Moatasem Salem

Personal information
- Full name: Moatasem Salem Bakr Hussein
- Date of birth: 2 September 1980 (age 45)
- Place of birth: Egypt
- Height: 1.83 m (6 ft 0 in)
- Position: Centre back

Senior career*
- Years: Team / Apps / (Gls)
- 2002–2006: Goldi / 56
- 2006–2012: Ismaily / 267 / (31)
- 2012–2014: Smouha / 24 / (1)
- 2014–2015: Al-Mokawloon / 16 / (0)
- 2015–2016: Petrojet / 23 / (1)
- 2016–2017: El Sharkia / 27 / (0)
- 2017–2018: El Qanah

International career
- 2004–2012: Egypt / 26 / (4)

Managerial career
- 2018–2019: Nogoom (assistant)

= Moatasem Salem =

Egyptian footballer (born 1980)

Moatasem Salem Bakr Hussein (مُعْتَصِم سَالِم بَكْر حُسَيْن; born 2 September 1980) is an Egyptian retired footballer.
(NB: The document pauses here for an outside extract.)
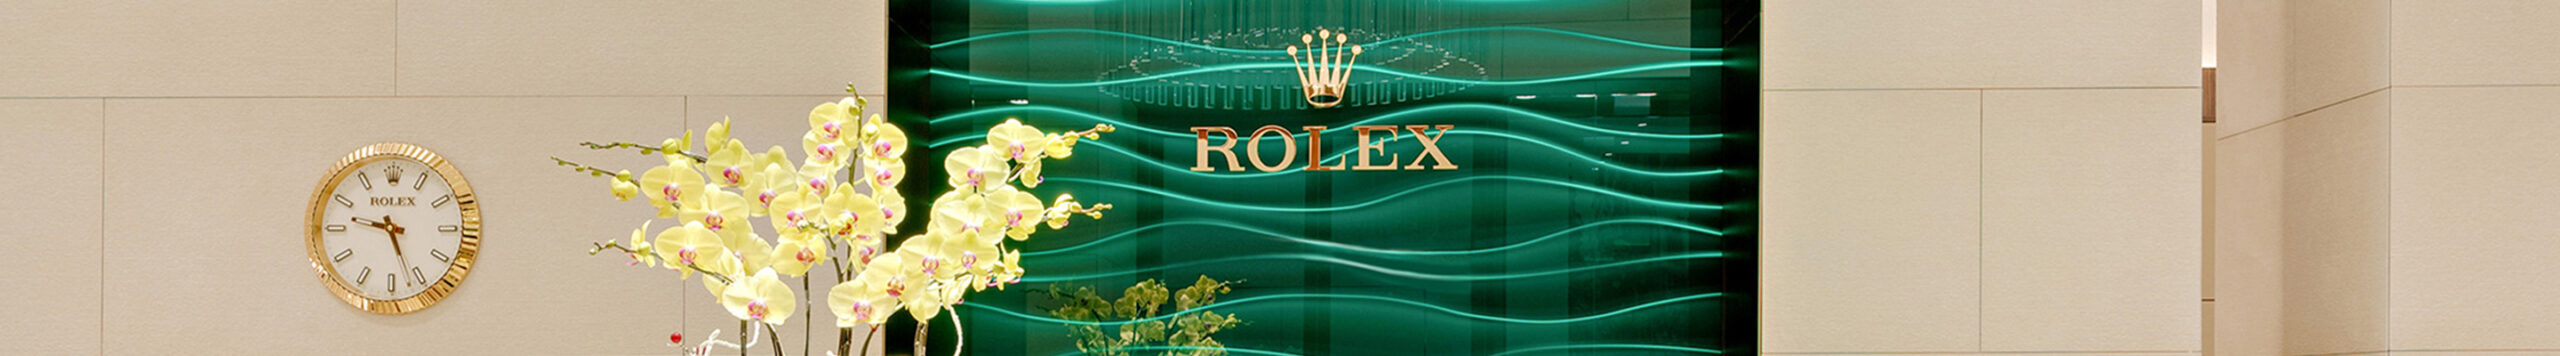 Contact John Bull Official Rolex Dealer

He was also a member of the Egypt national football team.
His kids are Mazen and Malek and Marwan Moatasem.

==Club career==
Salem signed a four-year contract extension with Ismaily in June 2008, which kept him tied to the club until June 2012. However, in December 2010 Ismaily agreed to sell Salem to the highest bidder to solve their financial crisis and Zamalek SC showed their interest in the player.